Principal Issues: Does subparagraph 7(b) of Article IV of the Treaty apply to the interest paid by a Canadian unlimited liability company that is disregarded for U.S. tax purposes to a US S corporation that is the holder of a 100% interest in a qualified subchapter S subsidiary that owns a 100% interest in the aforementioned Canadian unlimited liability company?

Position: Yes

Reasons: To the extent that a Canadian ULC is disregarded for U.S. tax purposes, the interest income paid by the ULC would not receive the “same treatment” as it would have received if the ULC was treated as being a regarded entity for U.S. tax purposes and as such, subparagraph 7(b) of Article IV of the Treaty would apply to deny Treaty benefits to the US S Corporation parent in respect of that interest income.

2016 International Fiscal Association Conference
CRA Roundtable

Question 9 – Application of Subparagraph 7(b) of Article IV to S-corporations

Assume the following hypothetical facts:

a) US Parent, a U.S.-incorporated corporation, owns all the shares of US Sub, another U.S.-incorporated corporation.

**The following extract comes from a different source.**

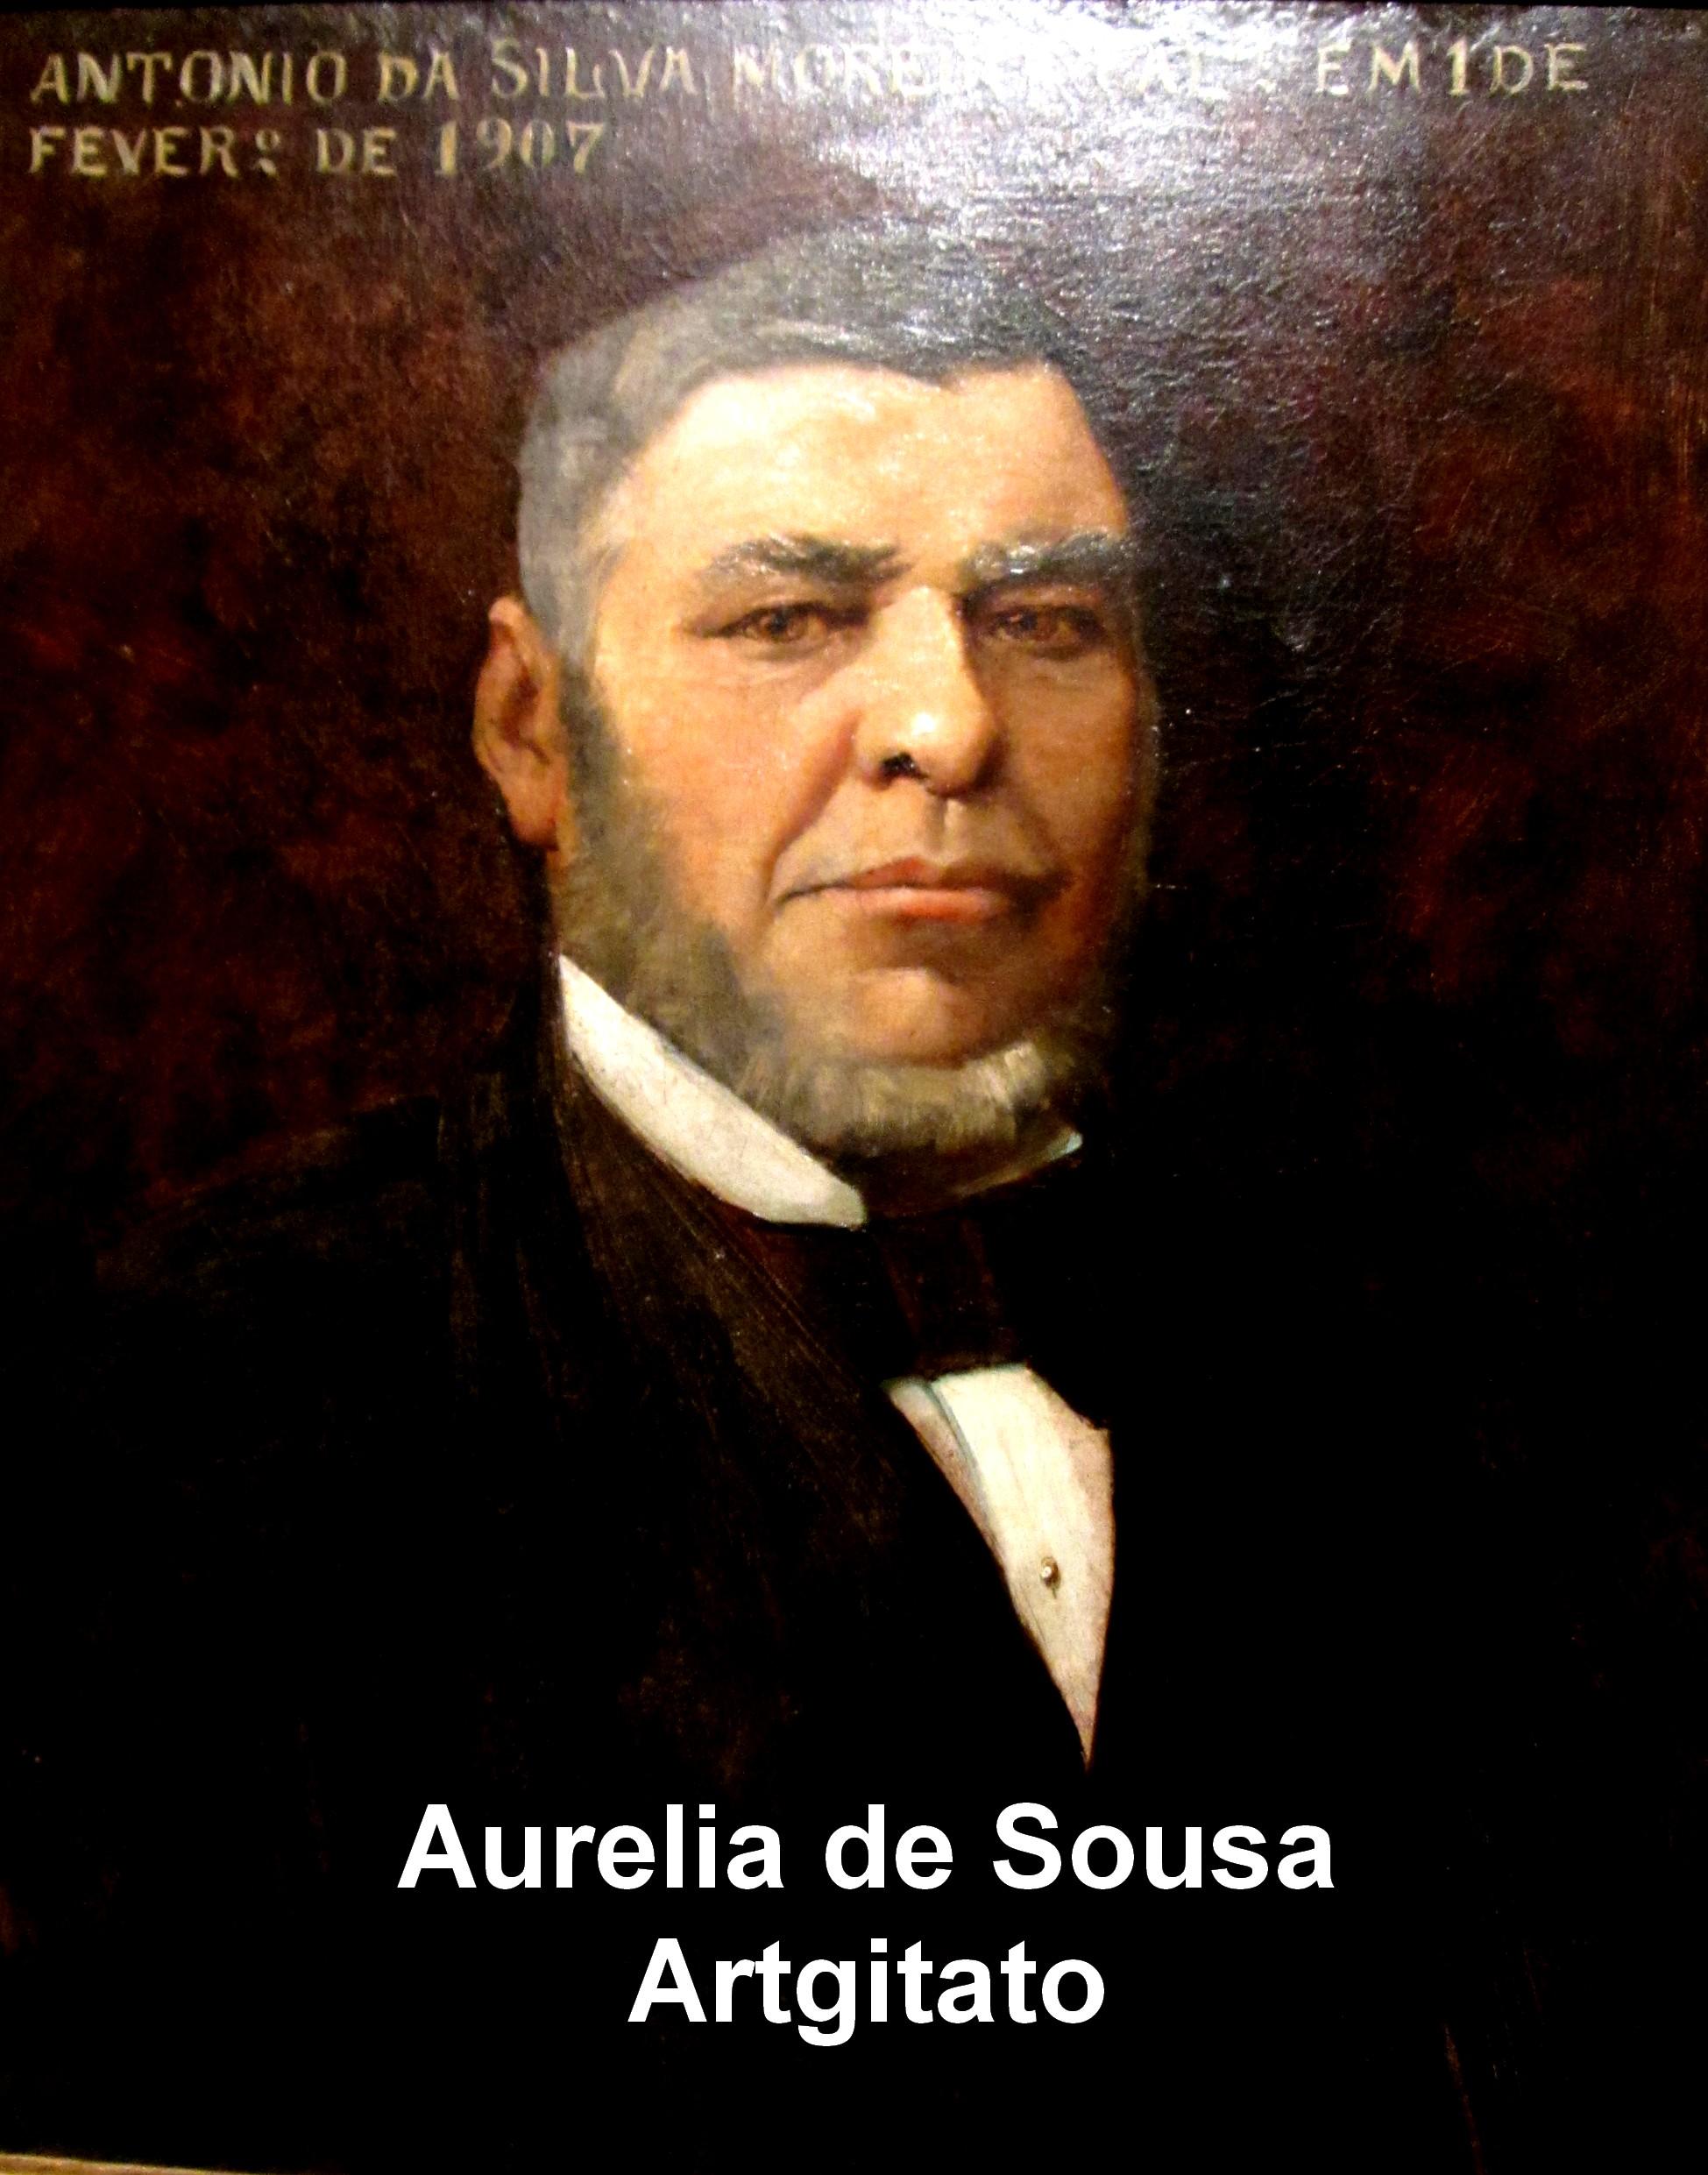 <b>aurelia-de-sousa</b>-casa-museu-marta-ortigao-sampaio- - AURELIA-DE-SOUSA-CASA-MUSEU-MARTA-ORTIG%C3%83O-SAMPAIO-Artgitat0-34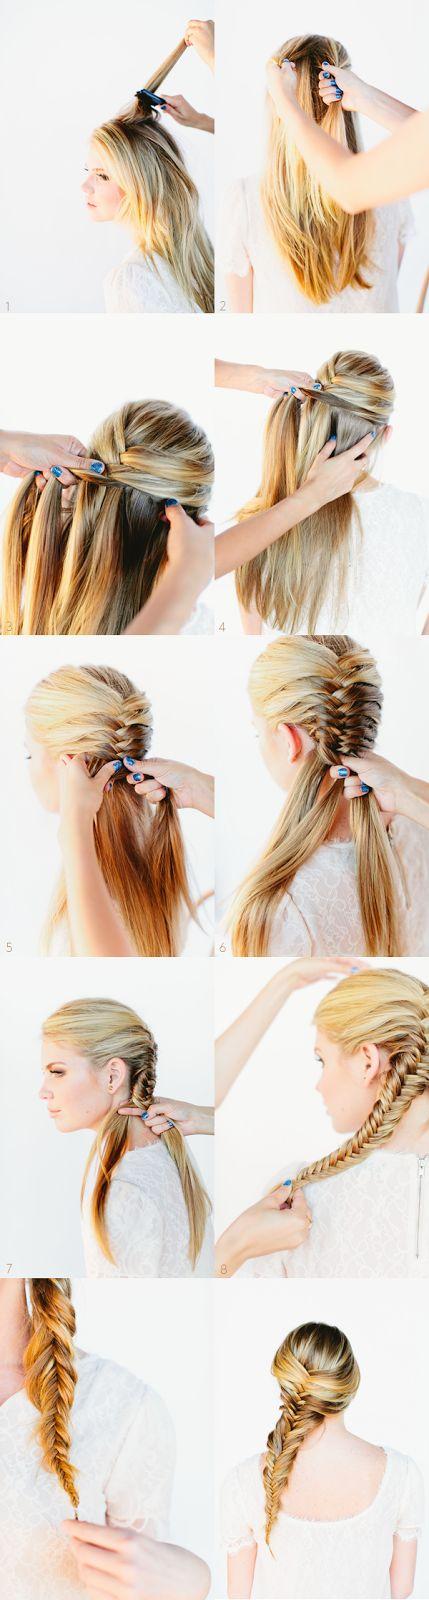 FISHTAIL BRAID HAIR TUTORIAL | She's Beautiful

b) For U.S. tax purposes, US Parent has elected to be treated as an “S-corporation” and US Sub has elected to be treated as a “Qualified Subchapter S Subsidiary”. Thus, both corporations are fiscally transparent for U.S. tax purposes and the shareholders of US Parent are taxable in respect of their income.

c) US Sub owns all the shares of Can ULC, an unlimited liability company formed under the laws of Nova Scotia. Can ULC is a disregarded entity for U.S. tax purposes.

d) Can ULC has an outstanding interest-bearing loan owing to US Parent.

Based on these facts, will subparagraph 7(b) of Article IV of the Canada-U.S. Income Tax Convention (the “Treaty”) apply such that US Parent will be denied Treaty benefits in respect of the interest paid by Can ULC?

CRA Response

It is our understanding that, for U.S. tax purposes, an S corporation can own a 100 percent ownership interest in a Qualified Subchapter S Subsidiary (“QSSS”) and upon election of the parent S corporation under 1361(1)(b)(3) of the Internal Revenue Code, the QSSS would not be treated as a separate corporation and all the assets, liabilities, and items of income, deduction, and credit of a qualified subchapter S subsidiary would be treated as that of the parent S corporation.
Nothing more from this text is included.